# 1967 200C For Sale in Birmingham, AL



## Johnpaul Ragusa (Jun 22, 2009)

Hey everyone,

Like the post says, I have a 67 2000c for sale. real nice shape, factory A/C and redone woodgrain for starters.

I'm linking my Ebay ad for it so you can see pictures, pricing, history, etc.. If you're interested feel free to give me a call and if not, enjoy the pictures. It's been a neat little car and it's the only non-us vintage car I've owned. Not a ton of them around for comparison but I think it can hold it's own to anyone's.

Enjoy

John

http://cgi.ebay.com/ebaymotors/BMW-2000-C-Automatic-with-factory-air_W0QQitemZ330339392943QQcmdZViewItemQQptZUS_Cars_Trucks?hash=item4ce9c31daf&_trksid=p4506.c0.m245&_trkparms=65%3A12%7C39%3A1%7C72%3A317%7C240%3A1318


----------



## 6 Brit (Jan 19, 2009)

classifieds section silly


----------



## Johnpaul Ragusa (Jun 22, 2009)

oops! Thanks for pointing that out!!!


----------



## HB Chris (Oct 20, 2007)

*2000ca*

You would find a larger audience on either the bmw2002faq.com or e9coupe.com websites.

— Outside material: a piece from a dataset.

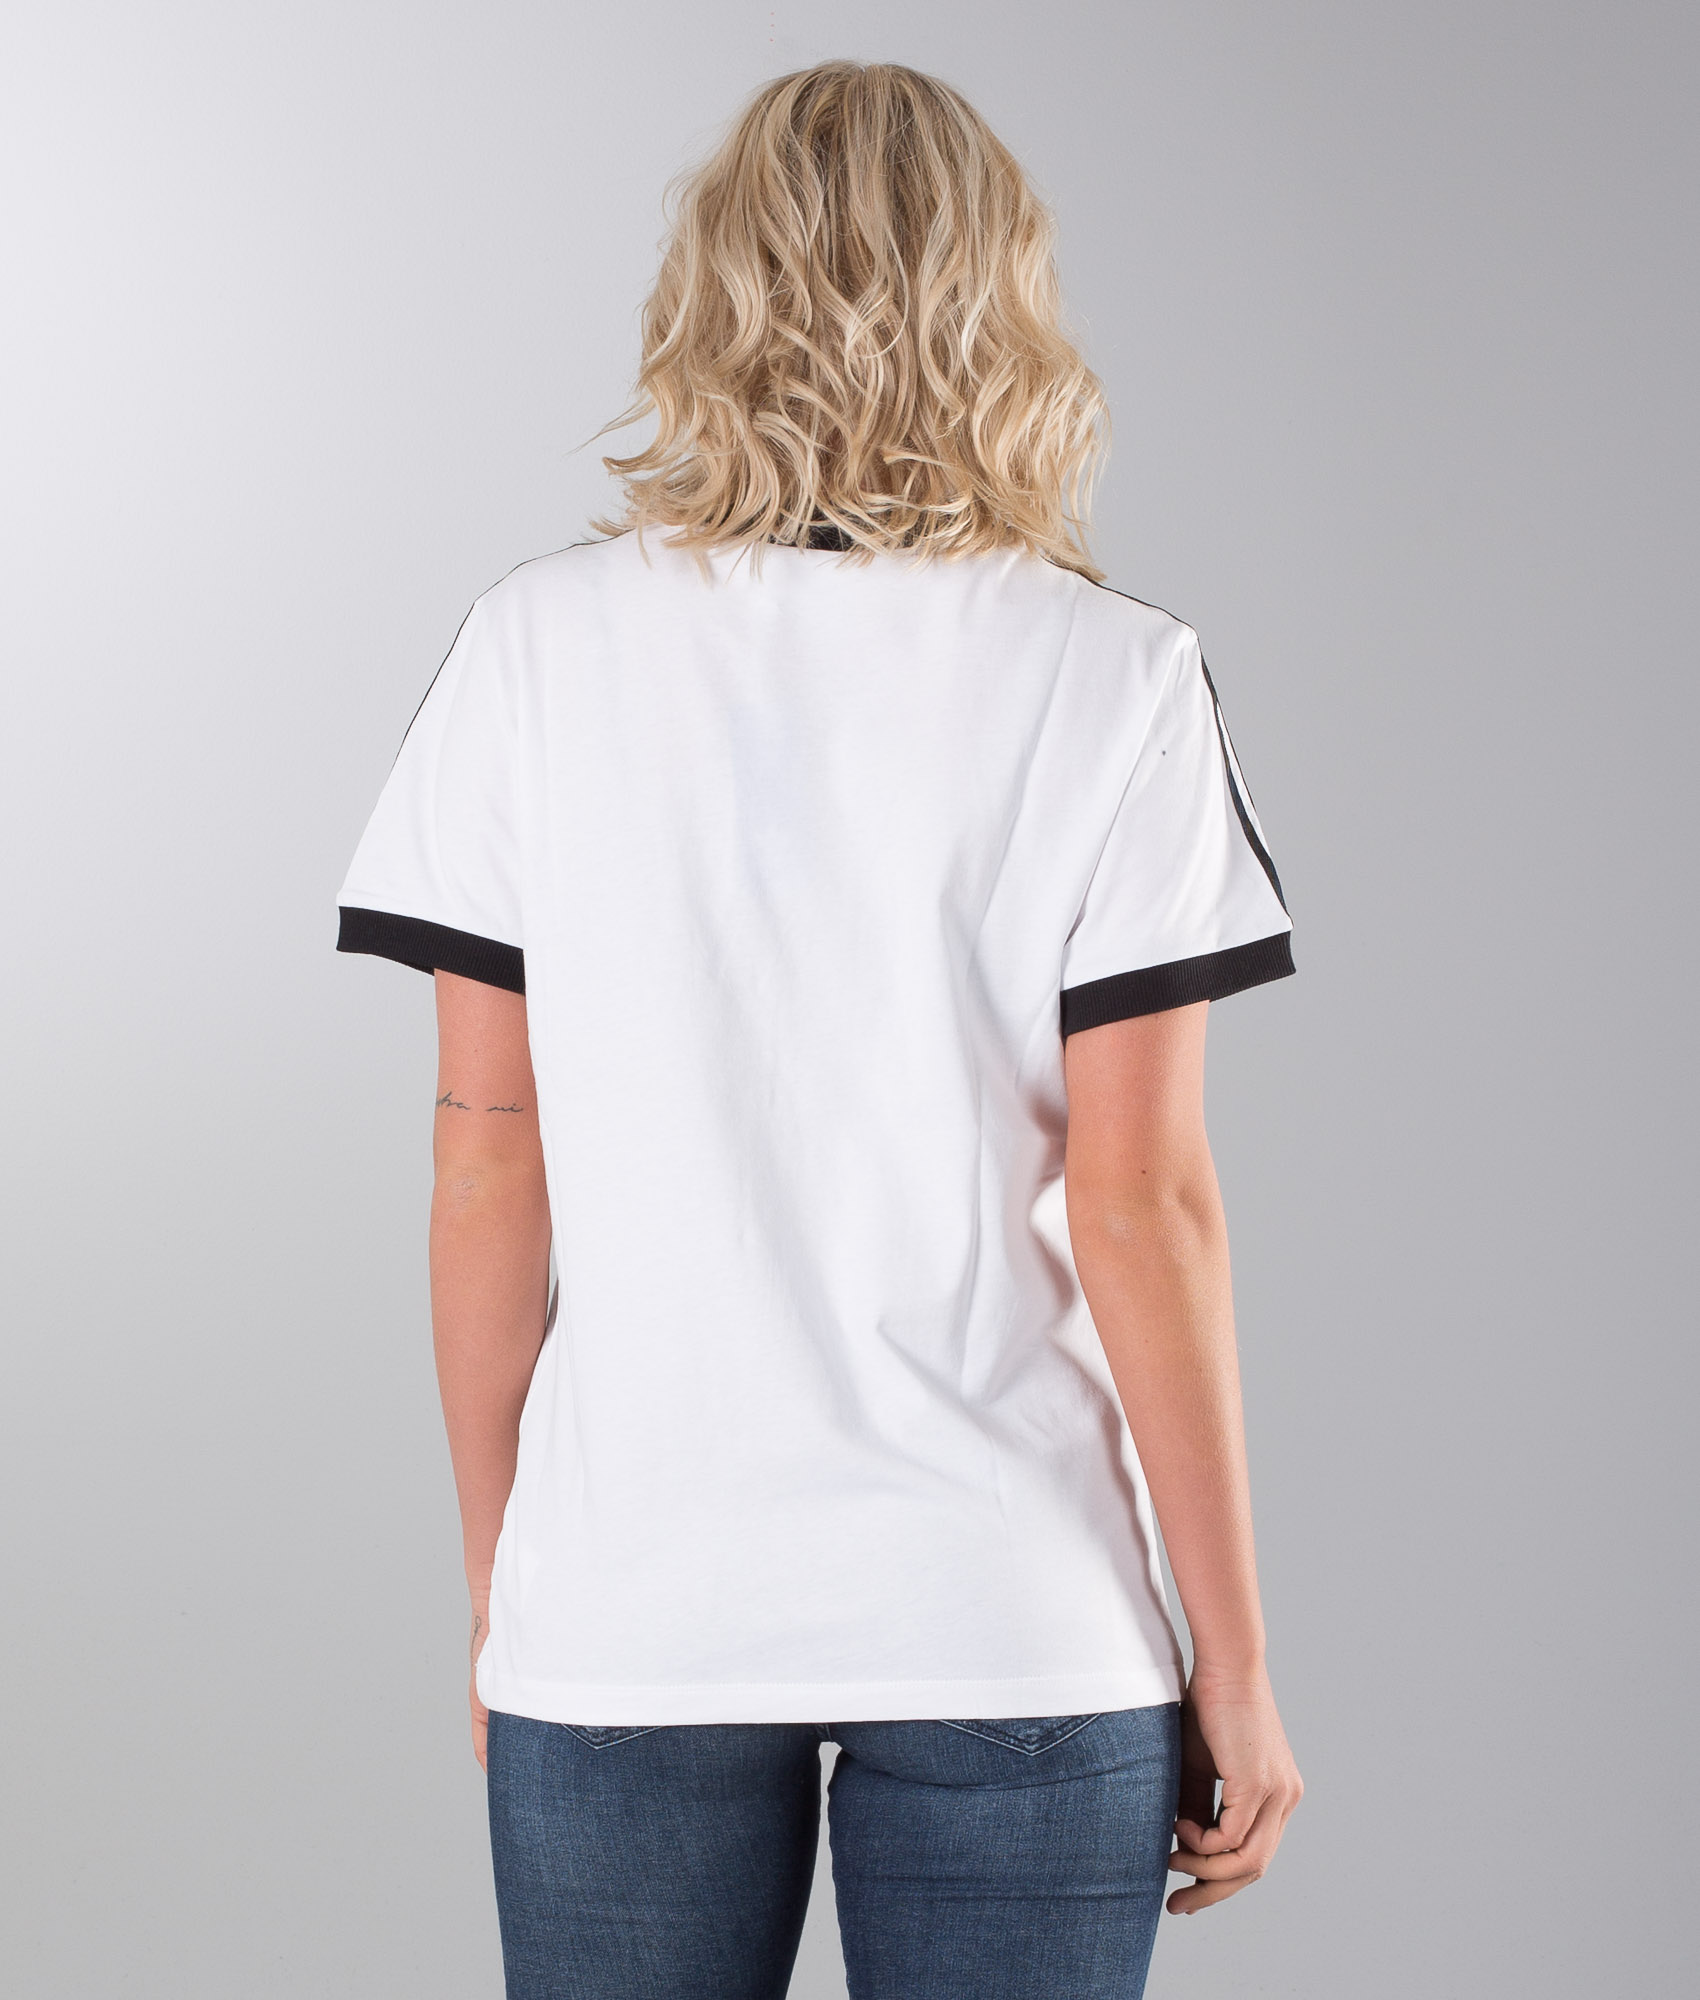 Adidas Originals 3 Stripes T Shirt WhiteBlack

Most Bimmerfest members think a classic is an e36 or e46. I think it will be extremely difficult to get the money you are looking for even though the pictures look great. Your 2000C is an automatic with the single barrel carb, the 2000CS with dual carbs and stick gets more attention and interest. It is nice to see such an original interior and the wood is stunning and the engine bay is very tidy although it should be body color and it is hard to tell how good the respray is from pics. Good luck, these cars are under appreciated.

Chris

e9 and 2002


----------